Please repeat the data exactly. Any picture in it stays out.

* [Data excerpts]
************

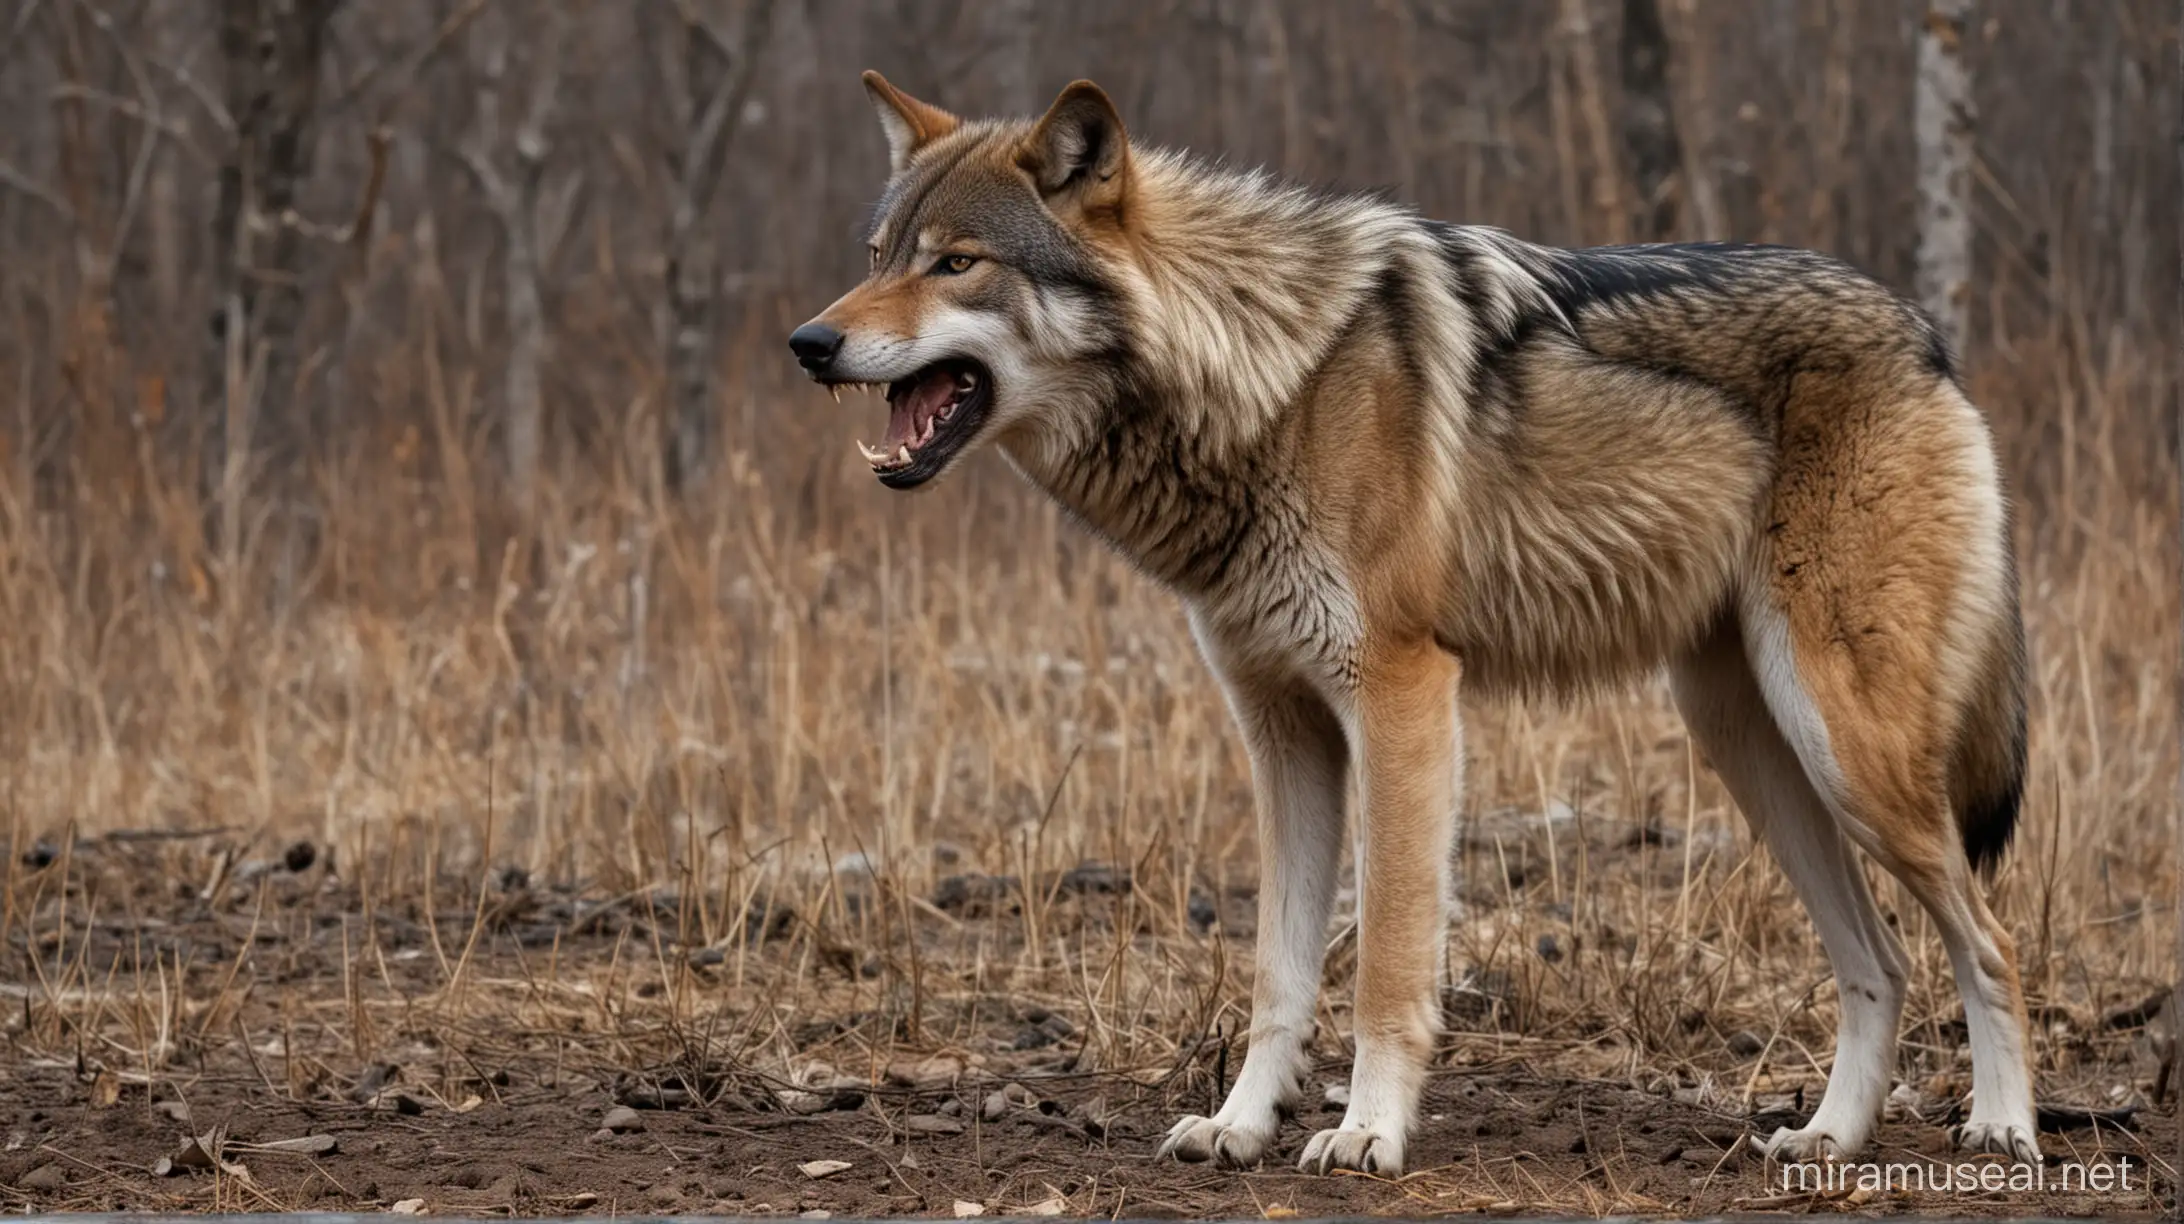 волк скалит зубы
полный рост
агрессия
угроза
ночь 
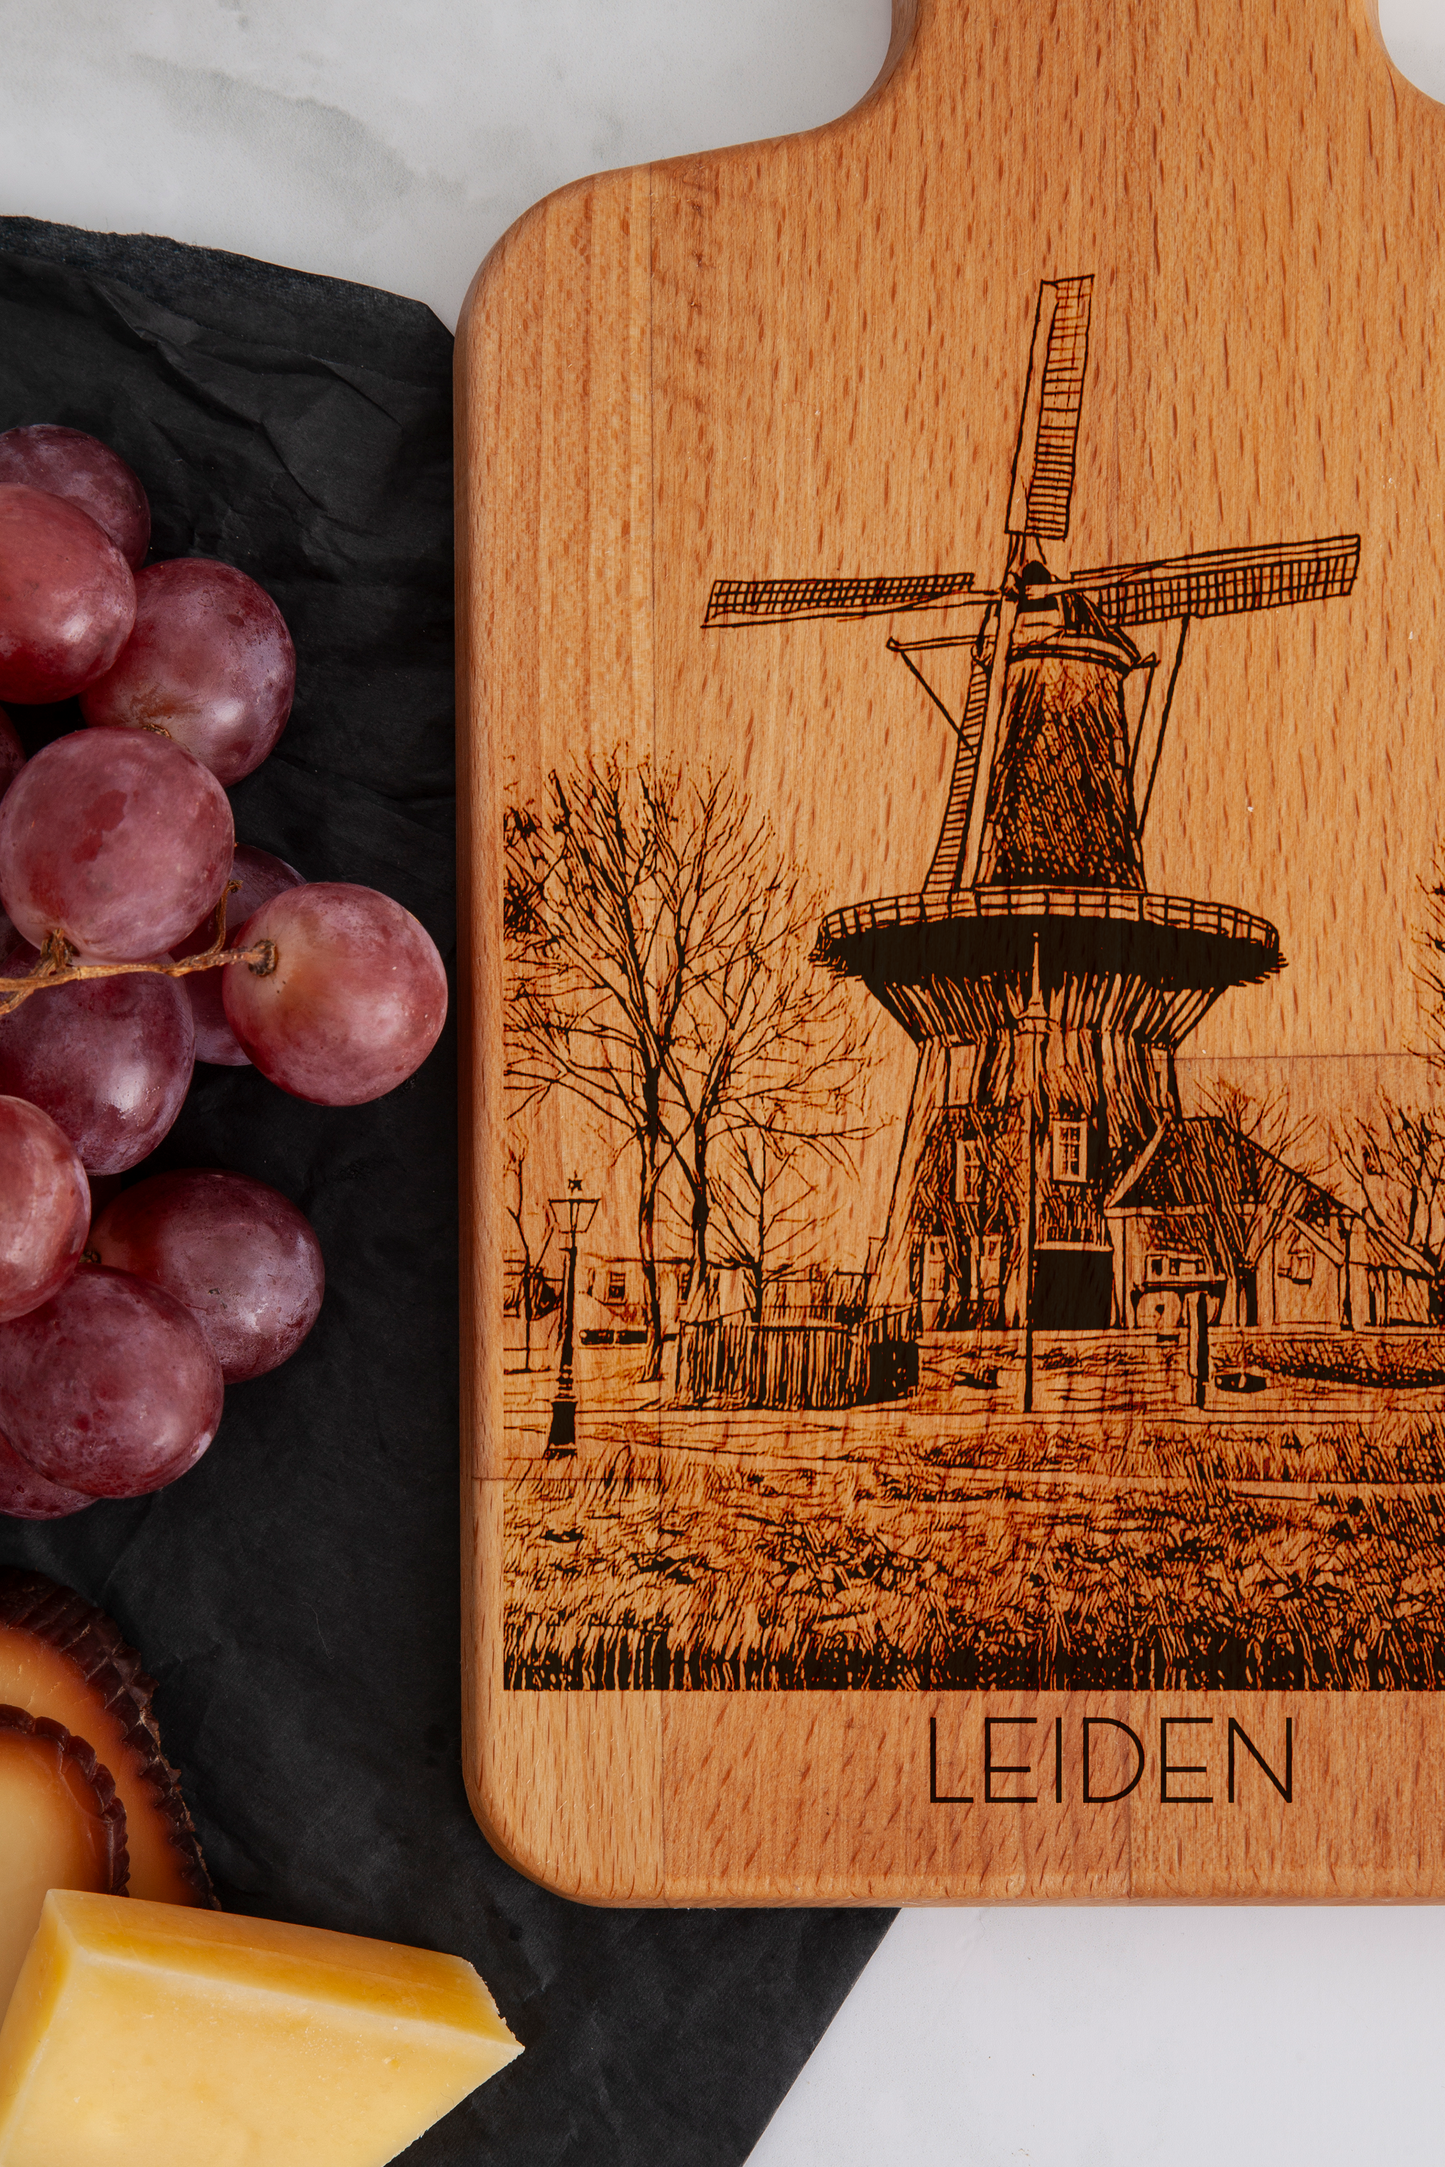 Leiden, Molen De Valk, cheese board, close-up
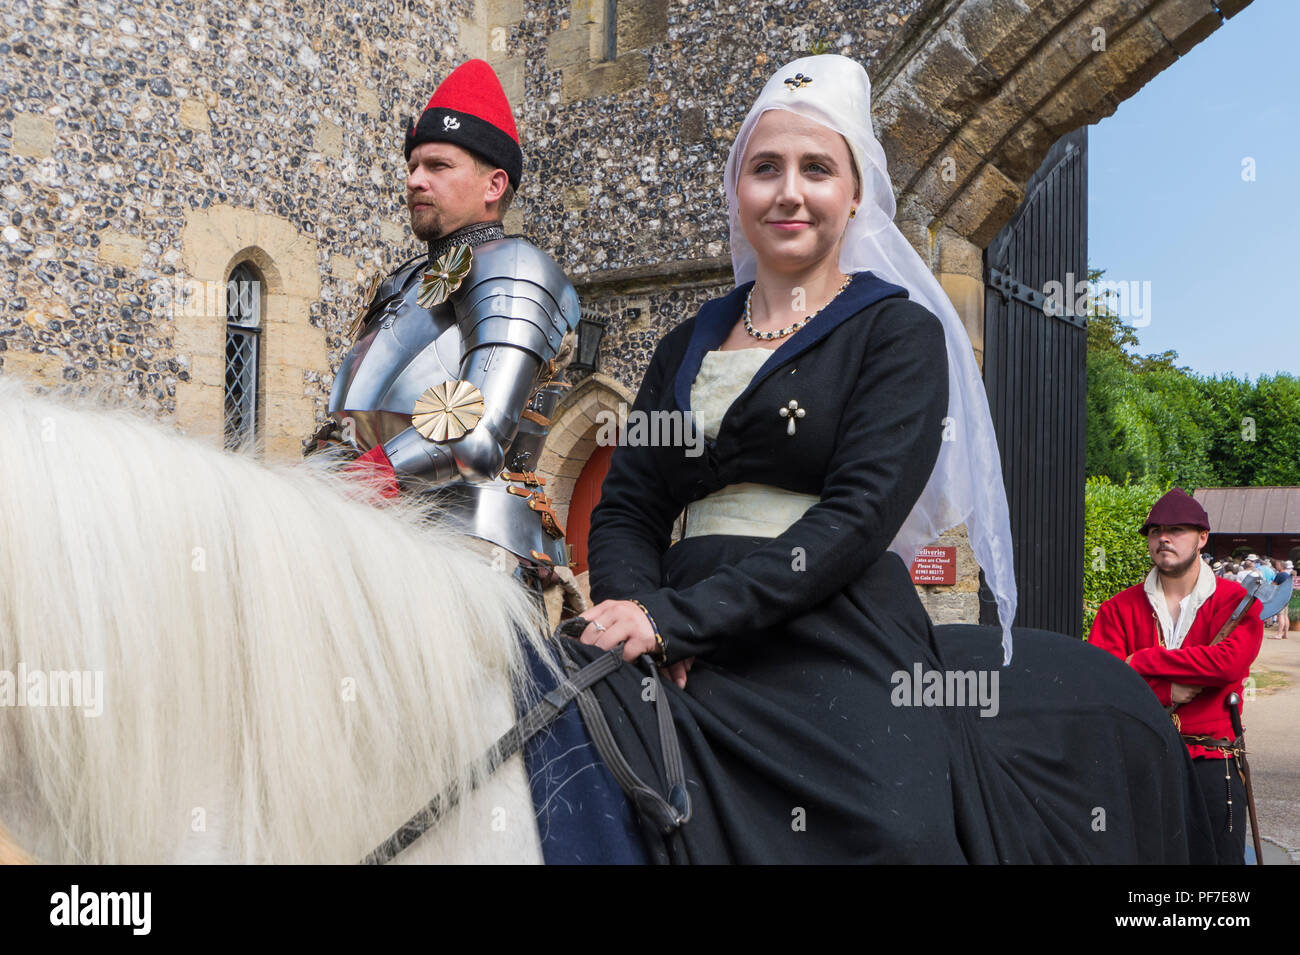 Leute auf dem Rücken der Pferde bei einem schwertkampf Ereignis in traditionelle mittelalterliche Kleidung in Arundel, West Sussex, England, UK gekleidet. Mittelalter Kostüme. Stockfoto
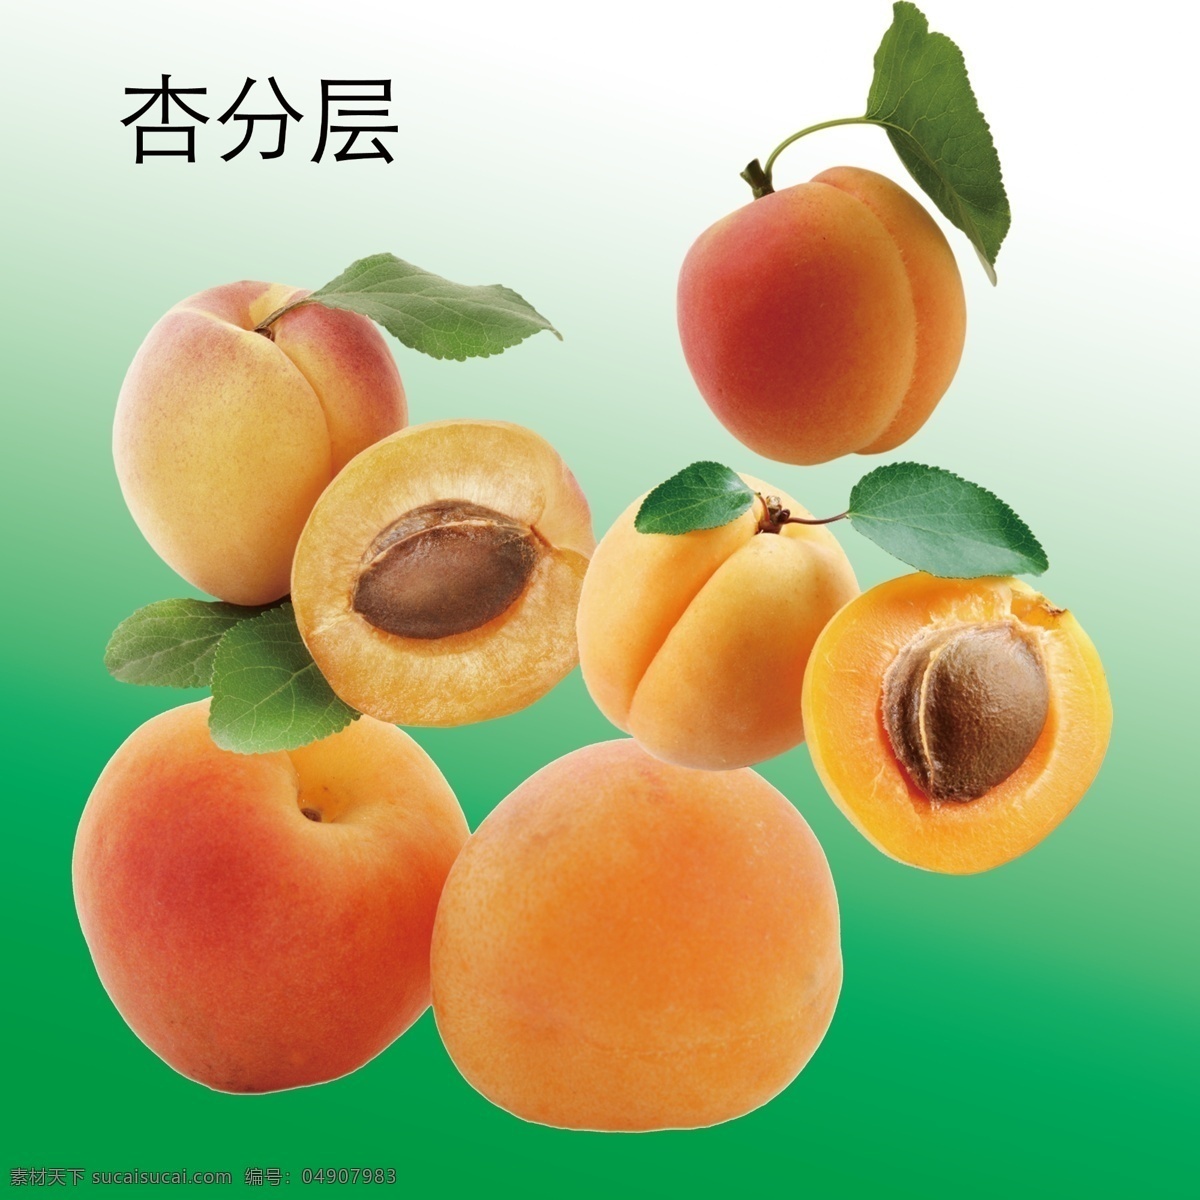 杏图片 杏 山杏 家杏 杏子 带叶杏 甜杏 水果 蔬菜水果 节日类目 分层

************

* [Exercise output]
 волк скалит зубы
полный рост
агрессия
угроза
ночь 
 Leiden, Molen De Valk, cheese board, close-up
 Leute auf dem Rücken der Pferde bei einem schwertkampf Ereignis in traditionelle mittelalterliche Kleidung in Arundel, West Sussex, England, UK gekleidet. Mittelalter Kostüme. Stockfoto
 杏图片 杏 山杏 家杏 杏子 带叶杏 甜杏 水果 蔬菜水果 节日类目 分层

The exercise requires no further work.